Most helpful comment

I believe the current state of this can roughly be summarized as:

  • This isn't implemented by default anywhere

    • On OSX you can pass -Zrun-dsymutil=no to simulate what compile times would be like

    • On Linux we have not implemented the requisite support to use fission with DWARF

    • I don't think anyone's looked into Windows MSVC or MinGW

  • Switching on by default at least needs to preserve debugger backtraces and RUST_BACKTRACE=1 backtraces by default

    • For the latter we've switched to the backtrace crate where development can more easily happen. Notably the gimli-symbolize feature is pretty mature now, and development can likely happen on that feature to see what it would take to get RUST_BACKTRACE to support this

Getting all that done I believe is a bare minimum for even considering turning this on by default, but just adding an option could likely be stabilized much sooner. We could likely add an option with a Linux implementation and stabilize the OSX functionality under that option (and probably do some cursory Windows investigation too)

All 24 comments

Technically it is already possible to have “split” DWARF debug info, even without v5, which you can load into gdb.

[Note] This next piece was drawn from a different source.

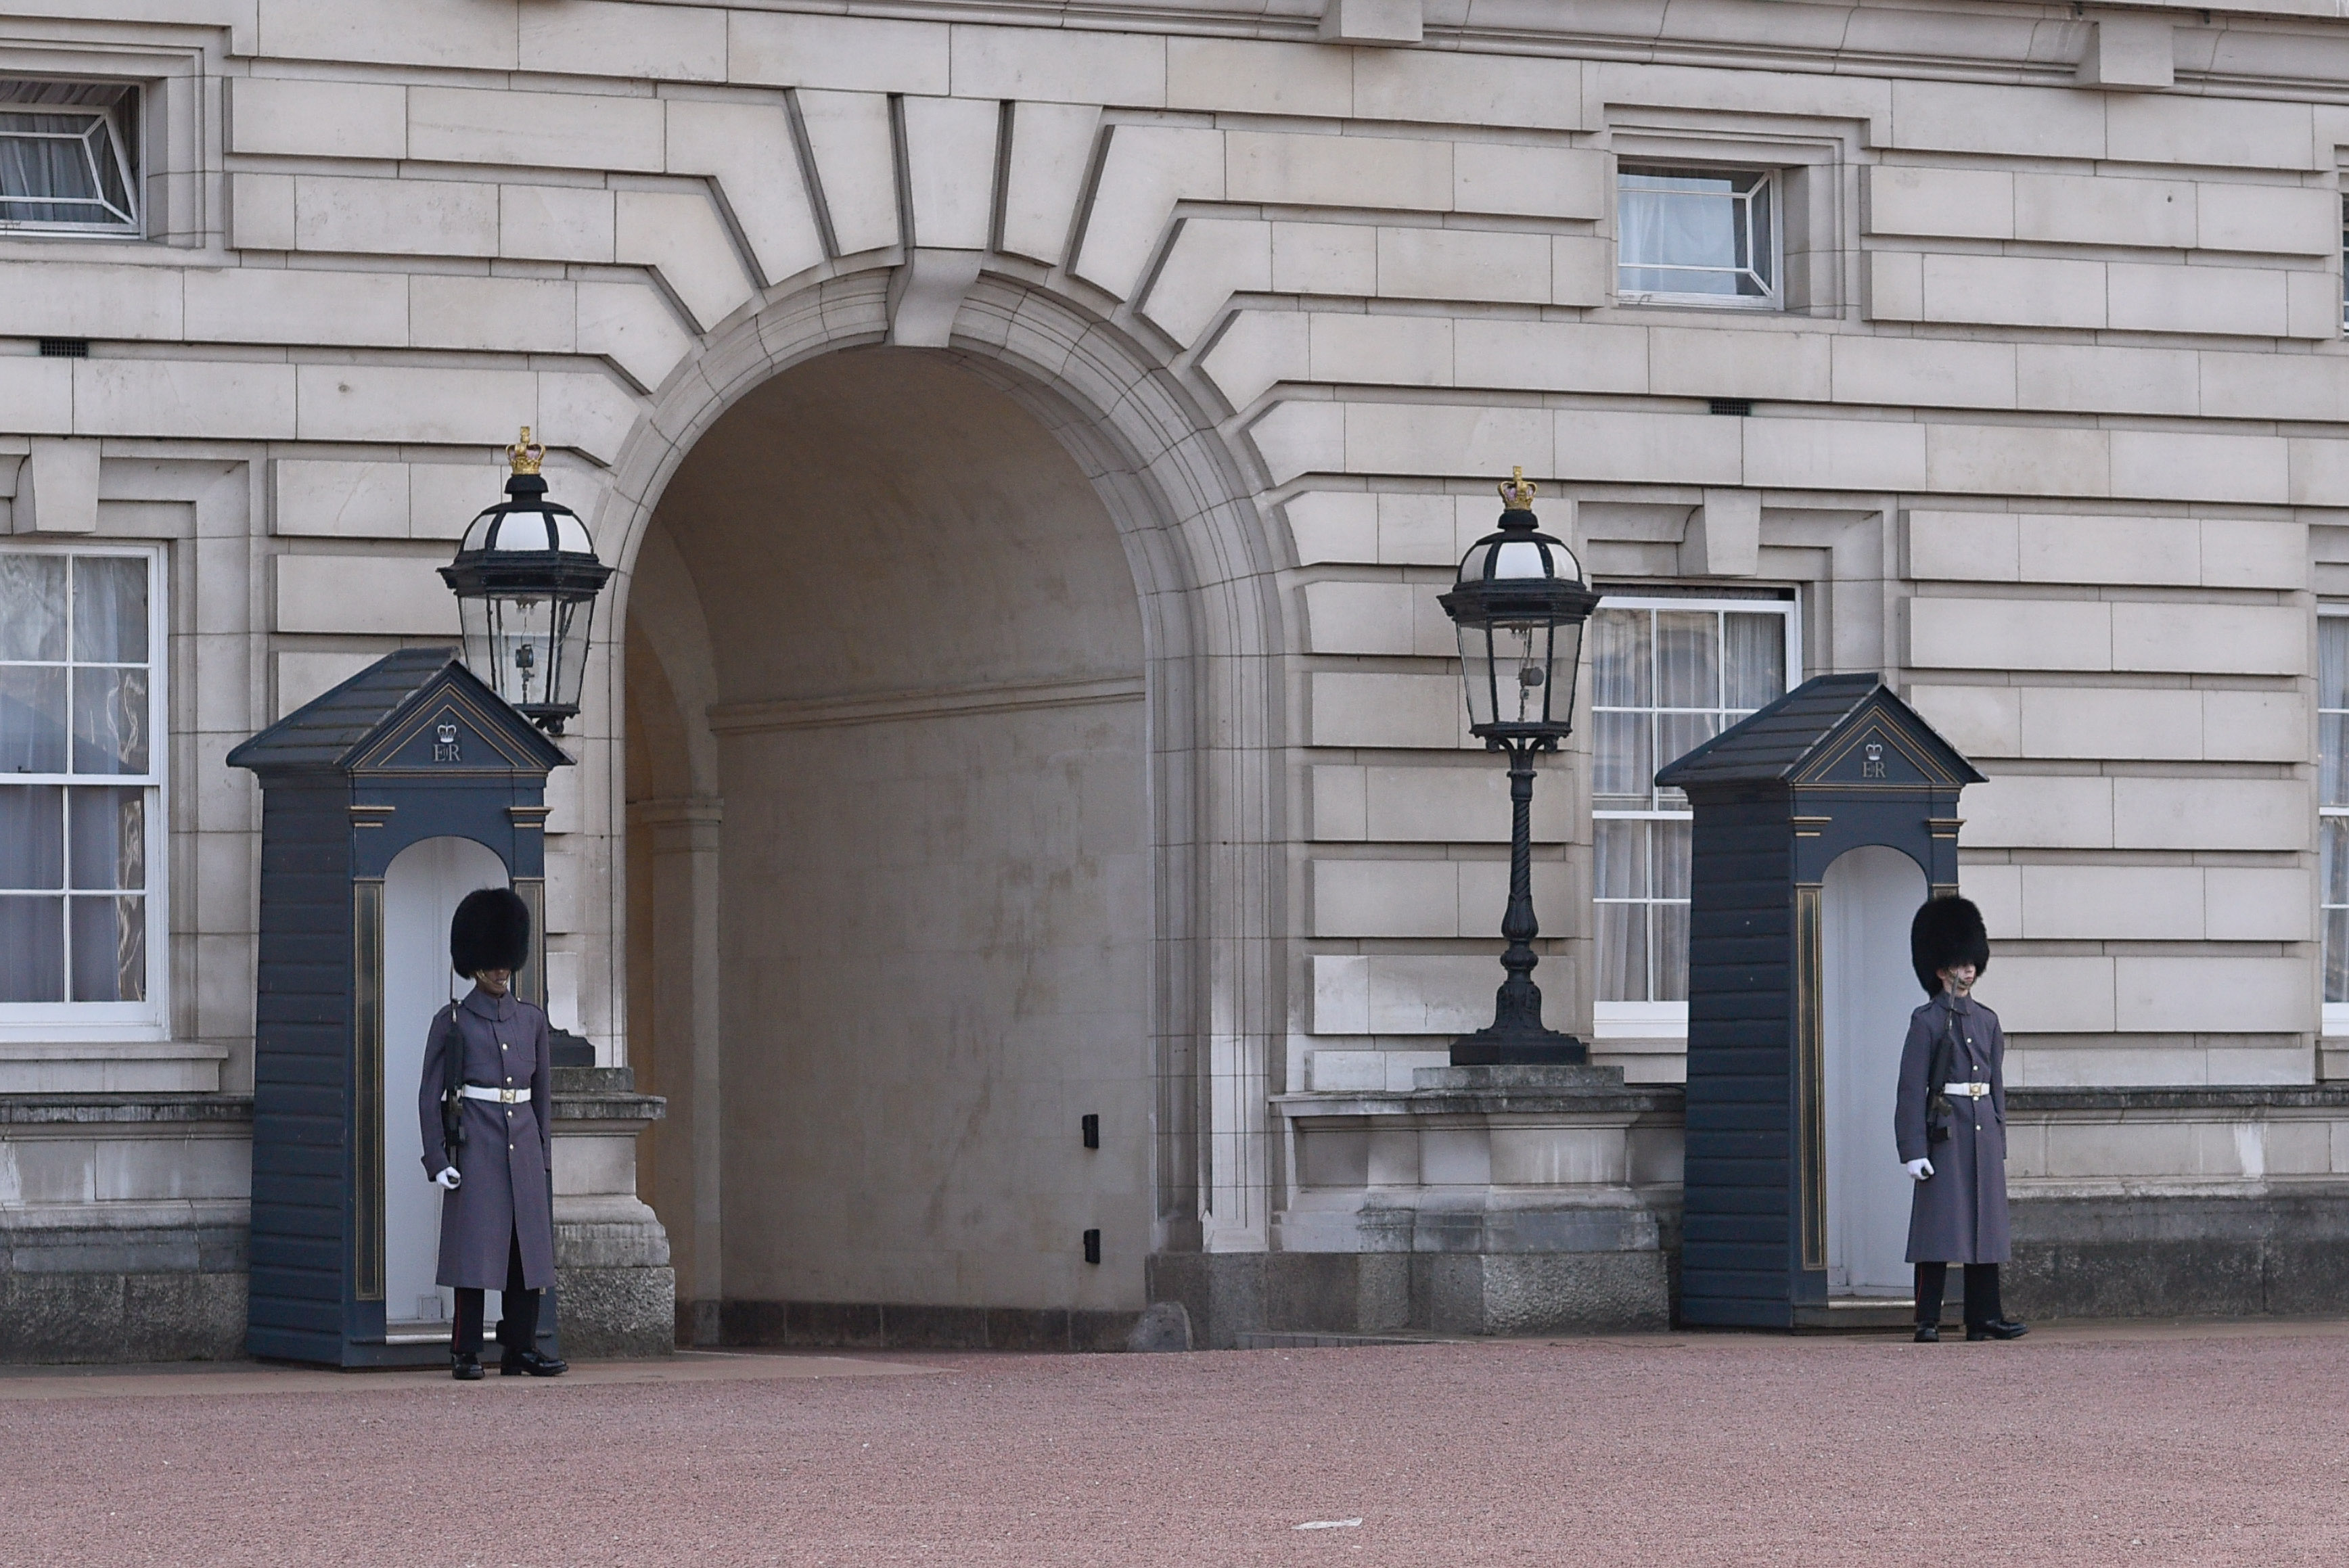 BuckinghamPalace1

The only problem is generating it separately in the first place, because currently the only way to get split debug info to the best of my knowledge, is to use objcopy --only-keep-debug and then strip the original library/executable.

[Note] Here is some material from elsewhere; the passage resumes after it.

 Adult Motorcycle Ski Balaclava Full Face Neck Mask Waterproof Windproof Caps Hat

The only problem is generating it separately in the first place, because currently the only way to get split debug info to the best of my knowledge, is to use objcopy --only-keep-debug and then strip the original library/executable.

How does gdb know where to find the debuginfo in that case? With the DWARF 5 approach, the 'skeleton' debuginfo entries store the path to the object files.

You use command like add-symbol-file. Sure not the most seamless experience, but, like I said, it at least works.

How does gdb know where to find the debuginfo in that case?

There are two ways, but the better of the two is the build-id feature. See the docs. This is what all the distros use.

However, this form of splitting is very different from Fission. Fission trades off link time speed for some debugger performance (I believe, I haven't used it in anger). Build-id is more about being able to split off the debuginfo for separate packaging -- and, contra Fission, it slows down the development cycle, as the splitting is a separate step.

It's not always appropriate to use Fission so this would have to be a compile-time flag of some kind.

@tromey Thanks for the background info! Would you agree that Fission with .dwp packages would be the cleaner way of distributing debuginfo separately? I know, this feature just wasn't available before, so distros had to do it differently. But now that it is there (in some places at least :)), it seems like the superior approach.

It's not always appropriate to use Fission so this would have to be a compile-time flag of some kind.

Yes, that's how I envisioned it.

Would you agree that Fission with .dwp packages would be the cleaner way of distributing debuginfo separately?

They are maybe mildly cleaner (but maybe not); but the approach currently taken by the distros has the advantage that all the tools already work with it; whereas nobody did the work to make everything use Fission. Also the distros, IME, were more space-sensitive and less link-time-sensitive than developers; leading to dwz instead, which is somewhat tied into the build-id and packaging schemes.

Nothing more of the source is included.